Hi Guys, Its been awhile and I see many new members and some more really great threads and posts!


Here is my dilemna..

I have picked up a free range goose which i will prepare for a New Years Eve and I was wondering if geese can be deep fried the same way as turkey's? :roll: 


I was talking to someone who has deep-fried many many turkeys but has never tried to do a goose that way and the question that keeps being asked but for which we can find no answer is what happens to all the fat contained in the goose...
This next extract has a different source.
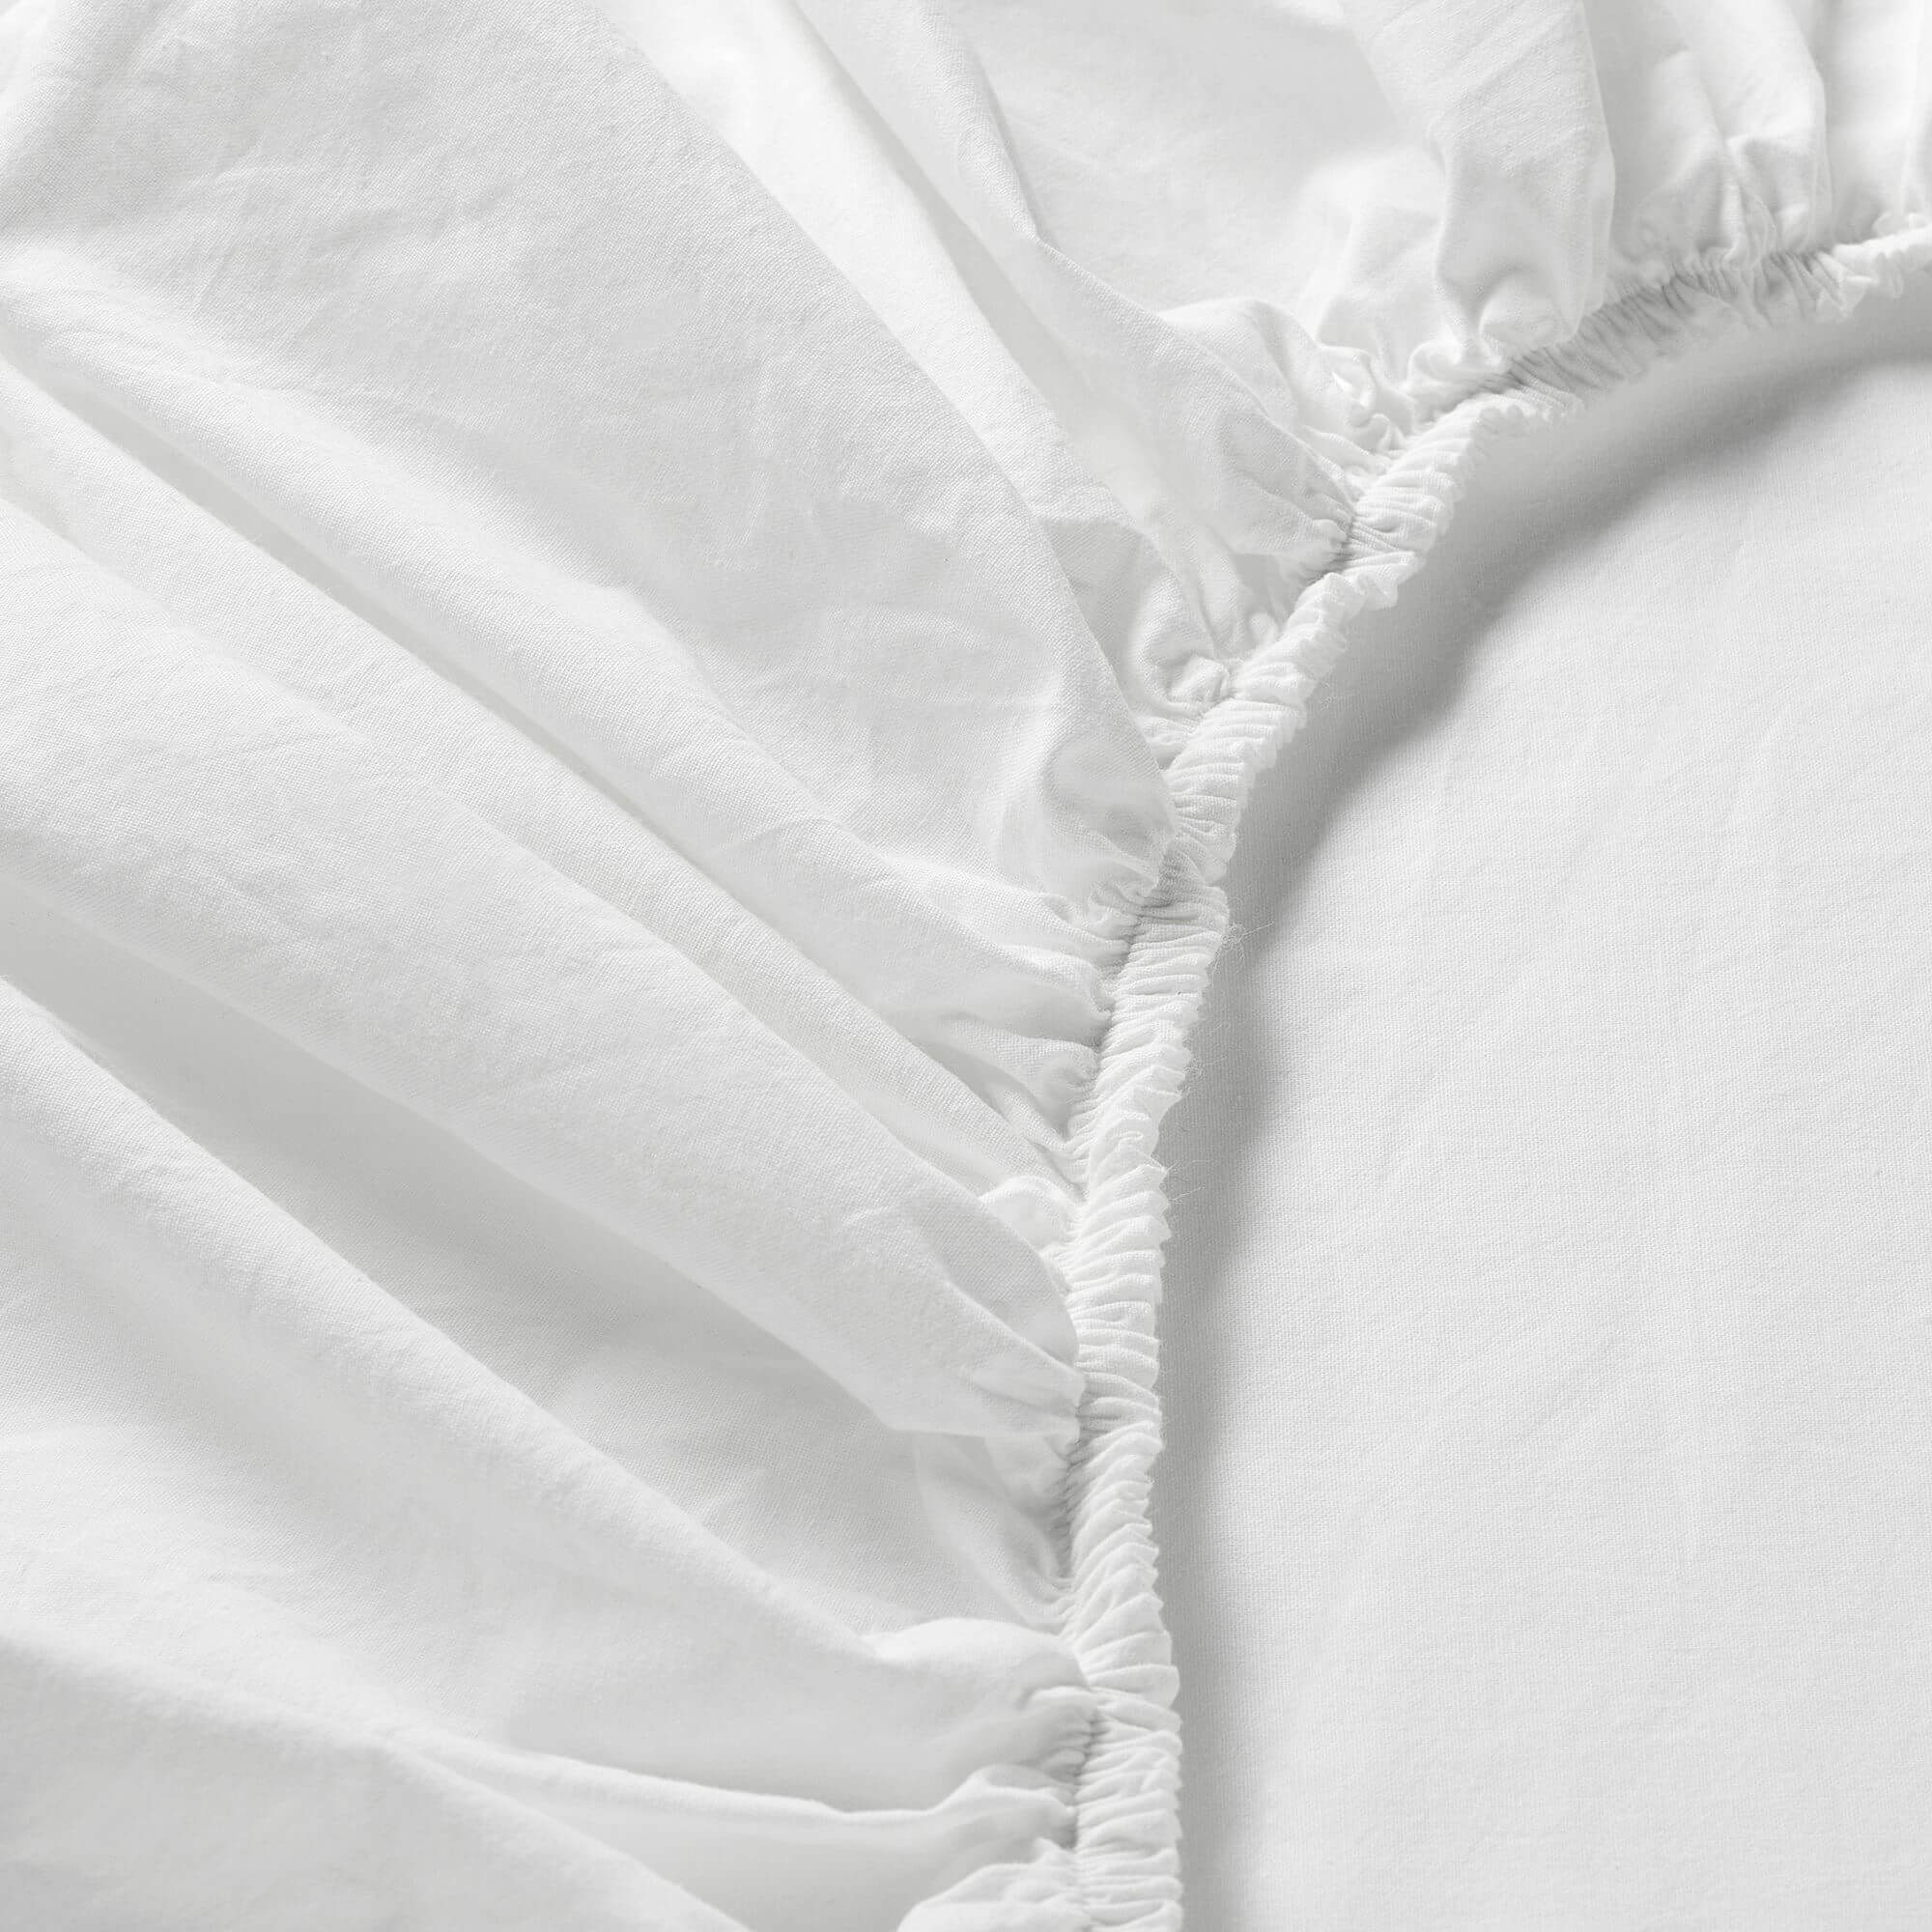 простыня натяжная из джерси 100 биохлопок для детской кровати Простыня натяжная Ikea Dvala, 140x200 см, белый
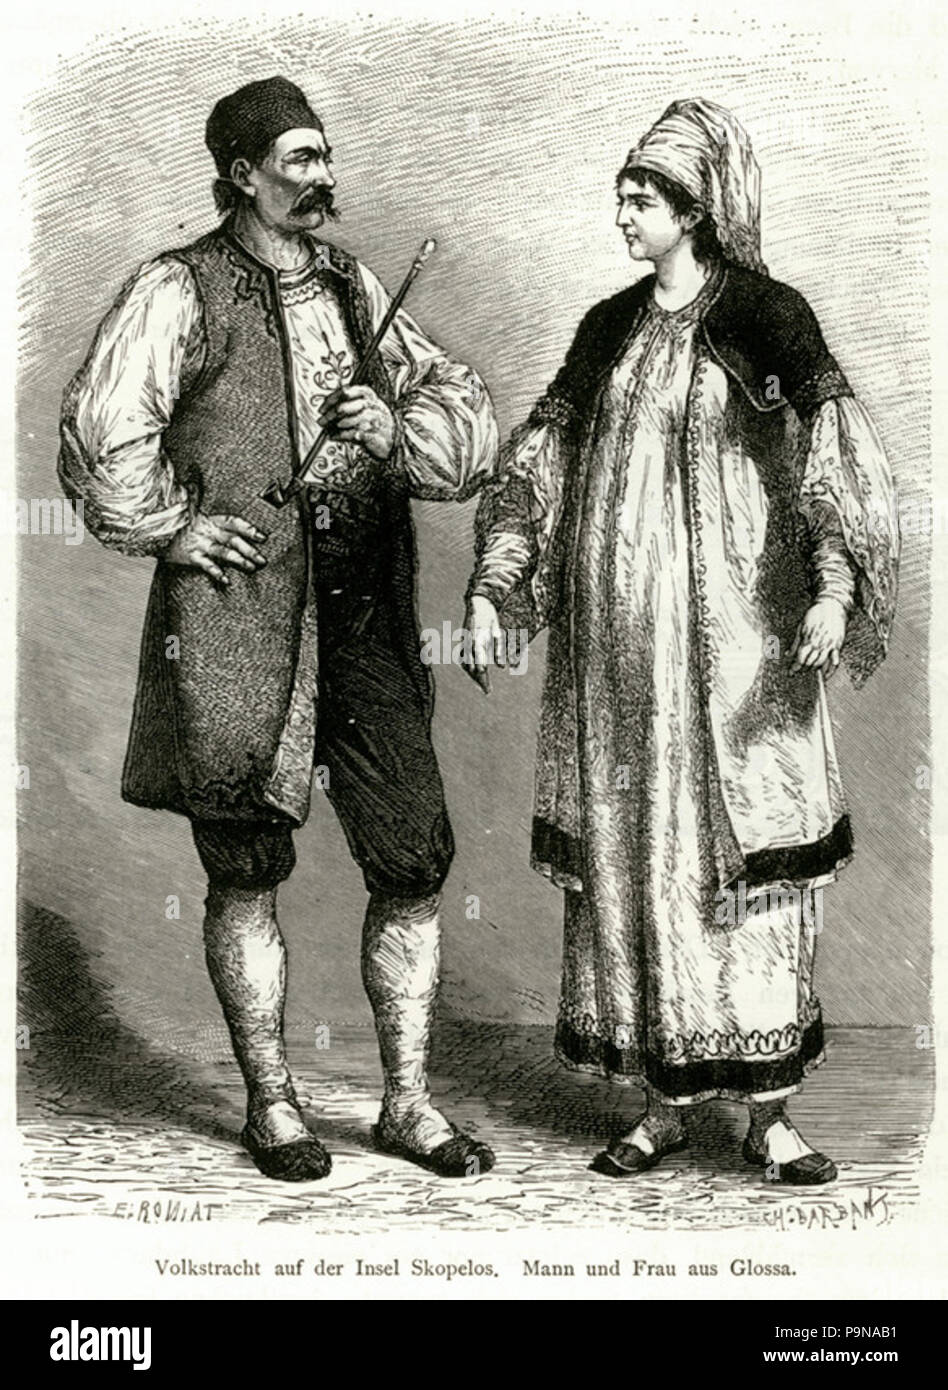 326 Volkstracht auf der Insel Skopelos Mann und Frau aus Glossa - Schweiger Lerchenfeld Amand (freiherr Von) - 1887 Stock Photo

We know that when we roast a goose we want to ***** the skin in various places so that the fat can render while roasting and bastes the rest of the bird's meat...

But we also know that deep-frying seals the bird and that is why fried turkey is so good and moist. But turkey does not have fat in the same way as a goose and some geese can render as much as 6 cups of fat...

So I'm wondering if any of y'all have ever deep-fried a goose and what happens to the fat?

I did other searches within google and did not find any recipes for deep-fried goose but we do find many for turkey!

Certainly would appreciate any help on This.

Thanxalot!


ranger72


----------



## cheech (Dec 29, 2005)

Have not done a free range goose before but have done a wild goose. We injected it with a lemon herb sauce. I would not say that would ever crave it again, I think that I would rather place it in the smoker instead


----------



## ranger72 (Dec 30, 2005)

Hi *Cheech[B/]!

Thanks for the reply...This is a free-range goose but it still has a goodly layer of fat and what I was mostly wondering is will the fat render out into the peanut oil or will it stay within the goose due to the properties of cooking in hot fat..(this tends to seal juices and so forth in the poultry..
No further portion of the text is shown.